● **YOUR GOAL**:
Restate every line of the material below word for word, skipping the images.

● **DATASET EXTRACT**:
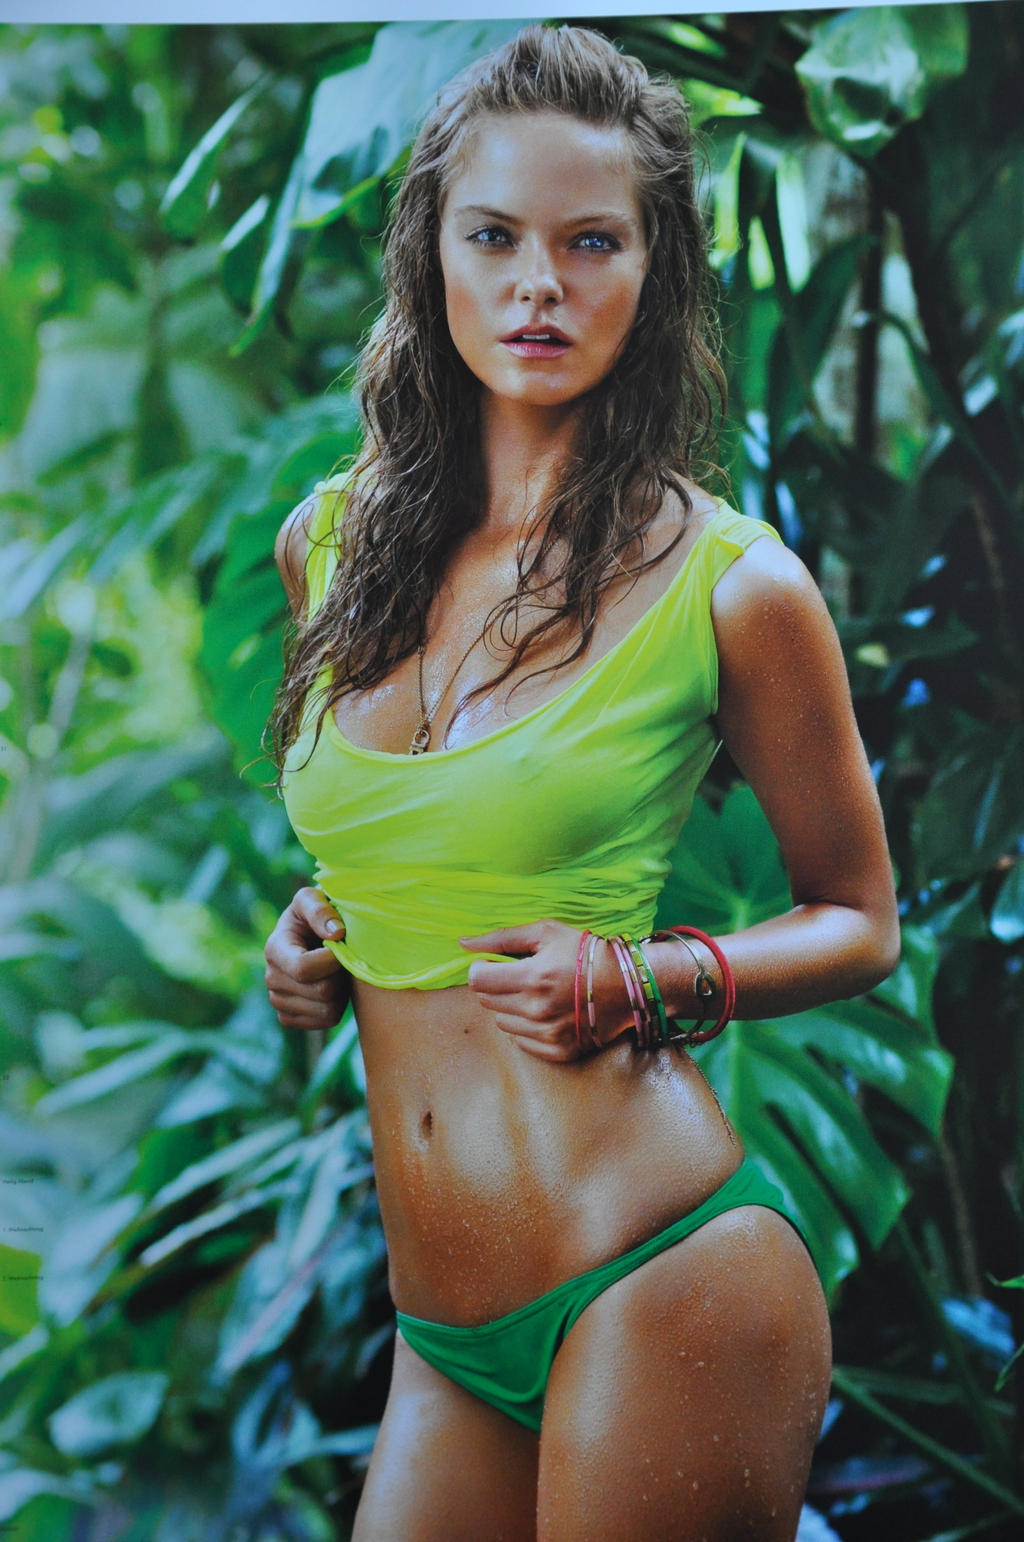 Jessica Perez Wuerth Calendar 2014 by nobii on DeviantArt
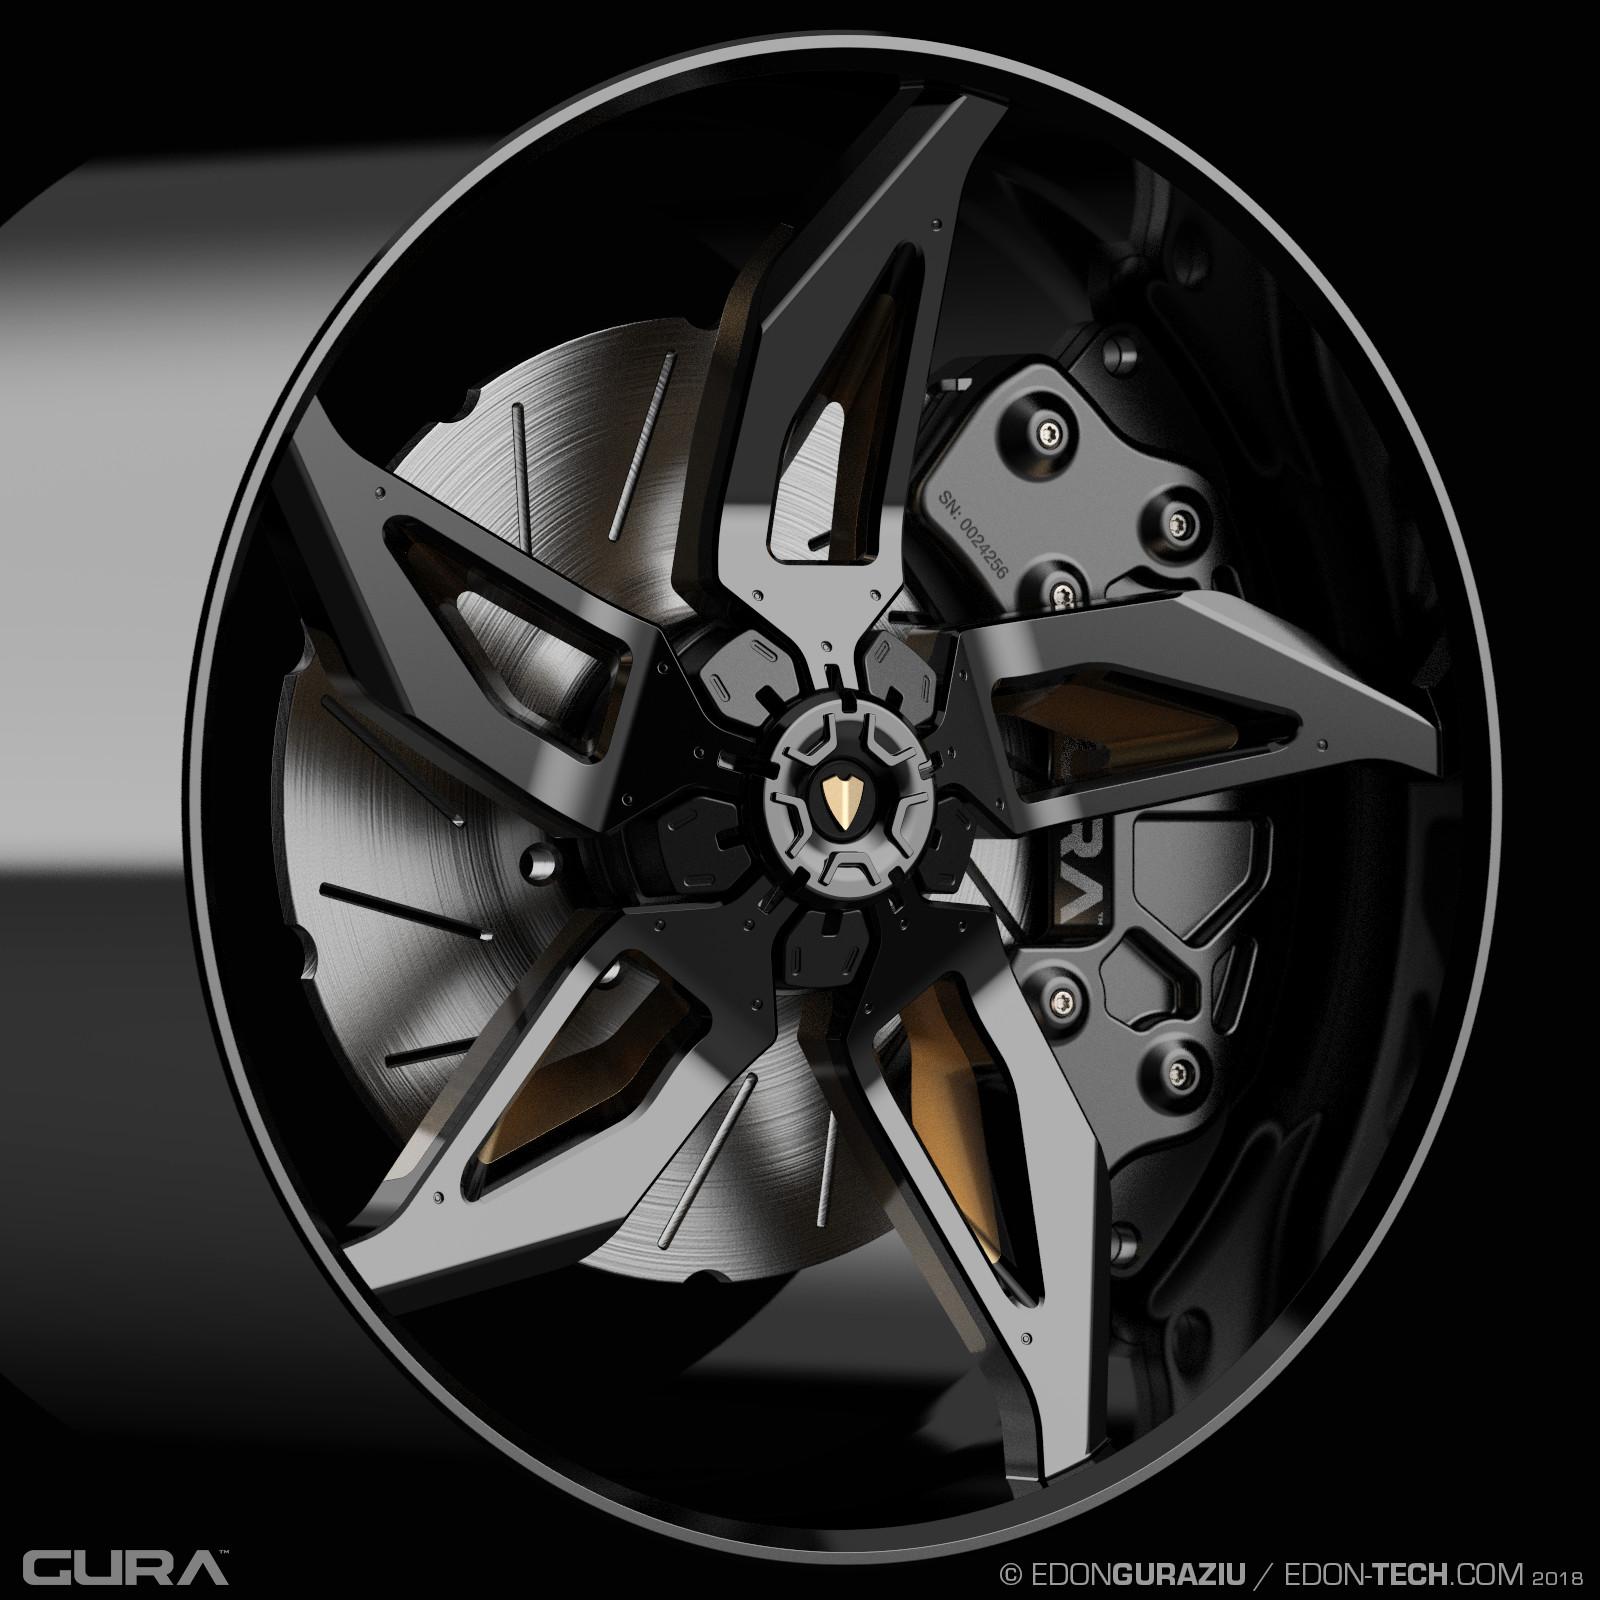 Edon guraziu gura black wheel 004
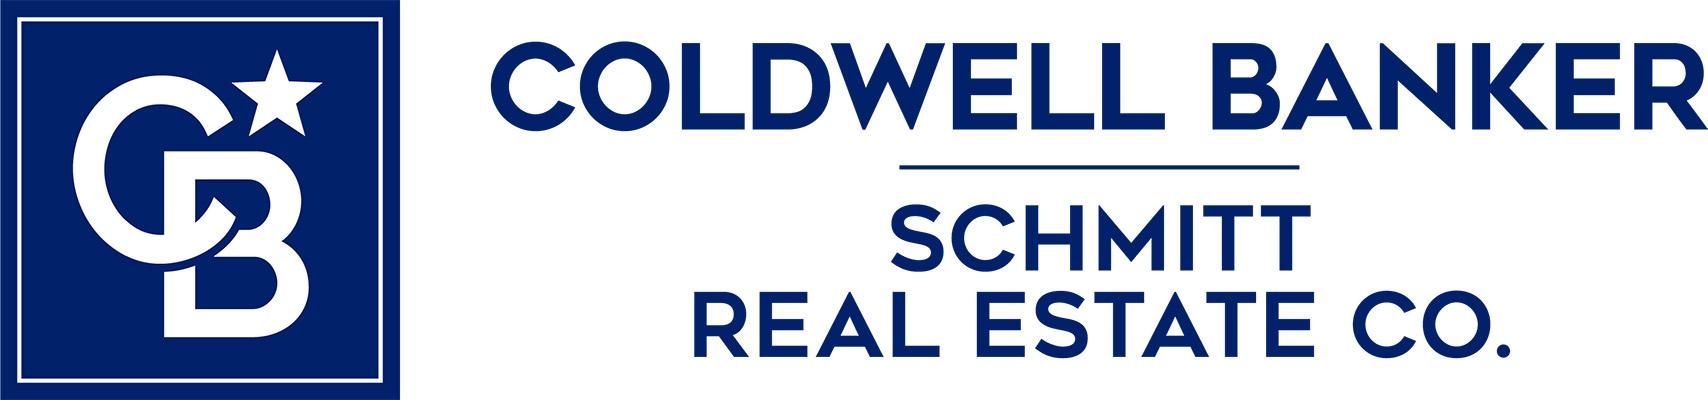 Nira Tocco - Coldwell Banker Logo

● **SOLUTION TO THE EXERCISE**:
 Jessica Perez Wuerth Calendar 2014 by nobii on DeviantArt
 Edon guraziu gura black wheel 004
 Nira Tocco - Coldwell Banker Logo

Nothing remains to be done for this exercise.